И все-таки следствие велось небезуспешно. Каждая открывающаяся карта попадала на свое место и помогала сложить пасьянс. Все шло как по маслу и постепенно обнажались скрытые пружины этой темной истории. А ответственность за все падала на одного человека: талантливого Следователя. Он был молод. Это имело большое значение. Дело Зет, как быстро разобрался журналист, было в конечном счете делом молодого поколения. Ведь и сам Зет тут был, можно сказать, младенцем в возрасте двух лет, не больше. И во всей этой истории скрывалось нечто задевавшее прежде всего молодежь.

После того как выяснилось, что Главнозавр, Генерал и вся полиция были главными вдохновителями боя быков, при котором бык, предназначенный для заклания, получая последний смертоносный удар шпагой, все сильней истекает кровью и затылок его делается все больше похожим на лошадиную гриву, пока наконец этот последний удар не ставит животное окончательно на колени, — после того как следствие обнаружило «раны от гвоздей», молодой журналист решил, что и он должен действовать в том же духе. Итак, он ринулся в великий бой, вооружившись упорством, пренебрегая множеством опасностей и не забывая о Пулке, молодом американском журналисте, который хотел добраться до горной вершины, где расположился генерал Маркос со своей штаб-квартирой, но в конце концов оказался на дне грязного Салоникского залива с непереваренными крабами в желудке, крабами, которых он съел в приморской таверне «Люксембург» (а может быть, это были омары?). Из своей машины или спрятавшись на улице за углом, журналист стал потихоньку снимать своим «Кодаком» людей, связанных с террористическими организациями, которые существовали при снисходительном попустительстве полиции на деньги министерства, отпускаемые неизвестно по каким статьям.
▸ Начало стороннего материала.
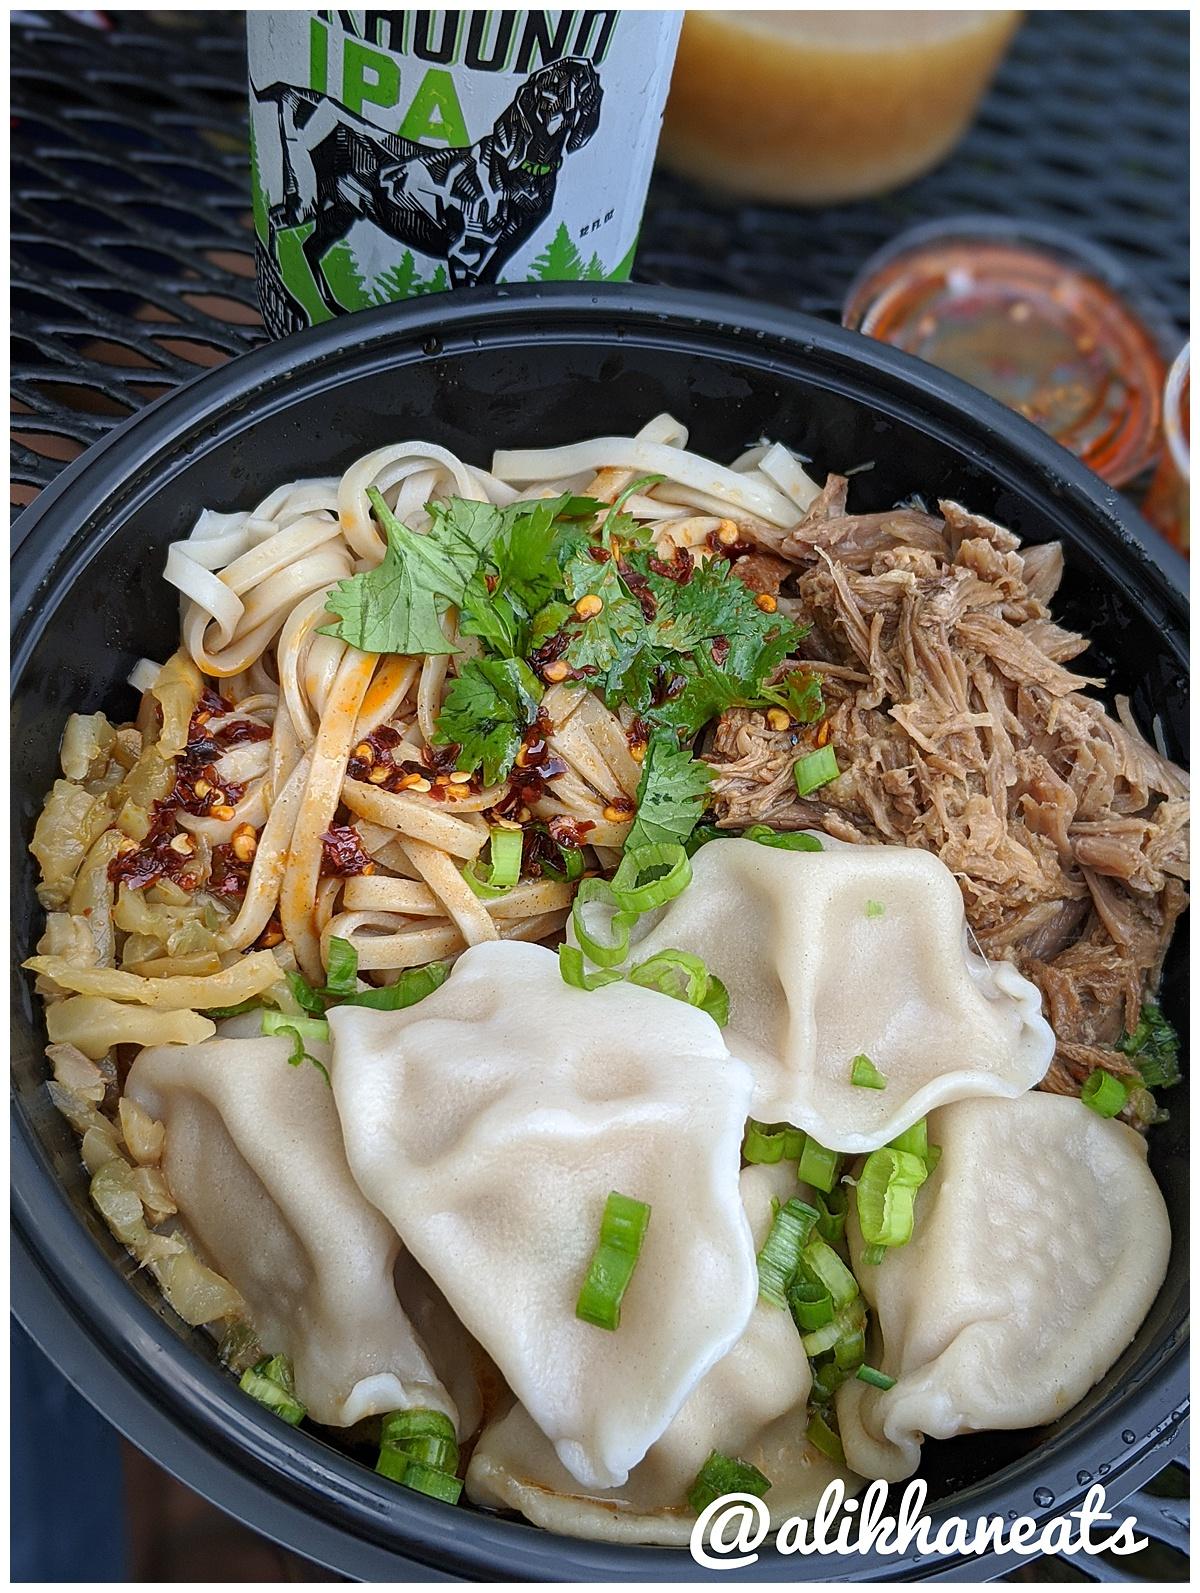 Three Fold Noodle and Dumpling Co dumplings

Он отыскивал их адреса в темных закоулках, подвалах, где фотовспышка была поцелуем Иуды, но в конечном счете иуды необходимы для того, чтобы скорей произошло искупление.
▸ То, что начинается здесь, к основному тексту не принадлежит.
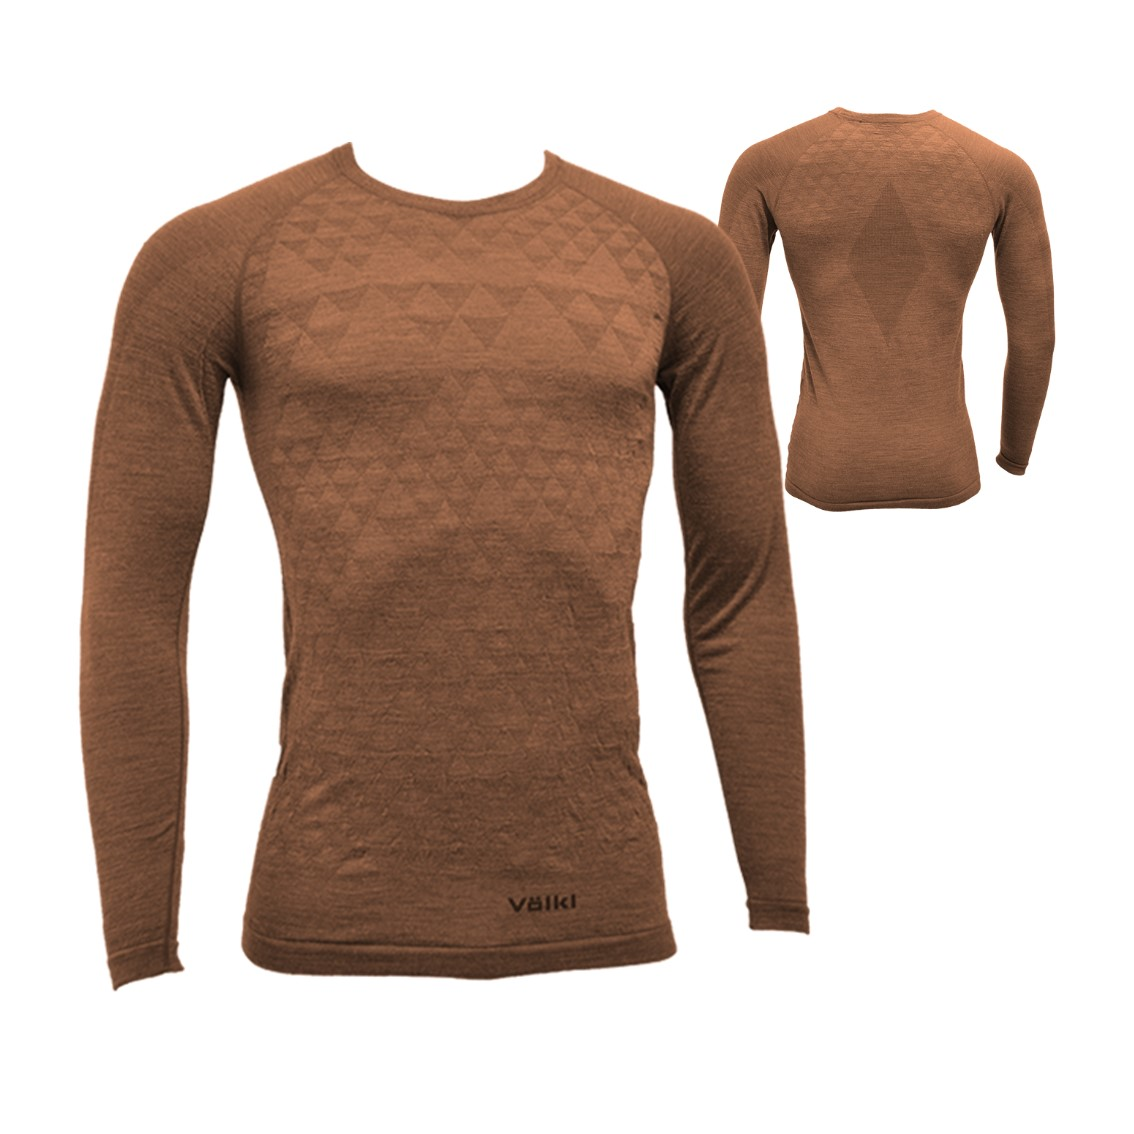 OEM ODM customize men wool sweater seamless

Таким образом, одна за другой накапливались фотографии в темных камерах для проявления, которые их надежно скрывали (так таил он позорные моменты своей жизни, монеты, изъятые из обращения; лишь нумизмат мог их оценить, приобщить к коллекции, для прочих они не представили бы никакого интереса, и такое коллекционирование показалось бы им чистым безумием, чем-то непонятным: ведь это были редкие фотографии, свидетельствующие о жизни, на которую давит тяжелый пресс монополий; фотографии, зафиксировавшие моменты исключительные и настолько неповторимые, что мы, ознакомившись с ними, почувствовали бы себя ворами), пока он не собрал шестнадцать штук; на семнадцатой фотоаппарата не стало: хулиганы из Верхней Тумбы набросились на журналиста и разбили его «Кодак». Чудом спасся он сам, а «Кодак», сделав свое дело, мог теперь умереть — так право на смерть имеют лишь те, кто выполнил свою миссию. И тогда журналист отнес их все, все шестнадцать, в больницу АХЕПАНС тому, кто выжил, Георгосу Пирухасу (и этот депутат был трагической личностью в истории; он хотел быть на месте Зет, чья миссия не была завершена, и поэтому он, Пирухас, не имел права умереть). Больной внимательно просмотрел фотографии и, остановившись на портрете Варонароса, воскликнул:

— Этого я никак не ожидал! Ты, дружок, молодчина!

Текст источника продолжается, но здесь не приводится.